Source information –

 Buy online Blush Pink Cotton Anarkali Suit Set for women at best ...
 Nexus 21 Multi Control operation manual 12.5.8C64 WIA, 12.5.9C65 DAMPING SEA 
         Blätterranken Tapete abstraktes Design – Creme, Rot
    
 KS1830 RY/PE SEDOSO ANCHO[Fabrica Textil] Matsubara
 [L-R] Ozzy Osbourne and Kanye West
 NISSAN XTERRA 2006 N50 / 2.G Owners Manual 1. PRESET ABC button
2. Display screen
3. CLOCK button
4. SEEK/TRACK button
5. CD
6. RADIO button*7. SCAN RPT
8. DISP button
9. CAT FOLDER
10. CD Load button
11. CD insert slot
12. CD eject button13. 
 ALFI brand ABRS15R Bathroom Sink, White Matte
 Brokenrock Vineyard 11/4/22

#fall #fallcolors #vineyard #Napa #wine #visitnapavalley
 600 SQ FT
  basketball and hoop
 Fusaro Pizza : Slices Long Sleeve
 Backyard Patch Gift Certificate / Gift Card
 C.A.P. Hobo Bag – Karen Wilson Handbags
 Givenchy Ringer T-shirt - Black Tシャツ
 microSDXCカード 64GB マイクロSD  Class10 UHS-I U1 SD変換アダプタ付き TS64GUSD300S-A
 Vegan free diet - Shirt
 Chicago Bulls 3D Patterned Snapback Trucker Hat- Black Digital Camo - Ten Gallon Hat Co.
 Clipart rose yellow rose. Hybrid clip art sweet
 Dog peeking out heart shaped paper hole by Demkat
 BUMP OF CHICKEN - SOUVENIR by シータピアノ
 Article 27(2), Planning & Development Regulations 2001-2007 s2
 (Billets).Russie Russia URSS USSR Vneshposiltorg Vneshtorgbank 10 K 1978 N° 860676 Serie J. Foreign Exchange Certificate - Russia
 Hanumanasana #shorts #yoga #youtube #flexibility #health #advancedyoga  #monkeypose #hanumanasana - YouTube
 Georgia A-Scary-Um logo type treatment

Work task – Copy out the lines above exactly, beginning at the one that contains "NISSAN XTERRA 2006" and ending at the one that contains "12. CD eject button13.".

Response area –
 NISSAN XTERRA 2006 N50 / 2.G Owners Manual 1. PRESET ABC button
2. Display screen
3. CLOCK button
4. SEEK/TRACK button
5. CD
6. RADIO button*7. SCAN RPT
8. DISP button
9. CAT FOLDER
10. CD Load button
11. CD insert slot
12. CD eject button13. 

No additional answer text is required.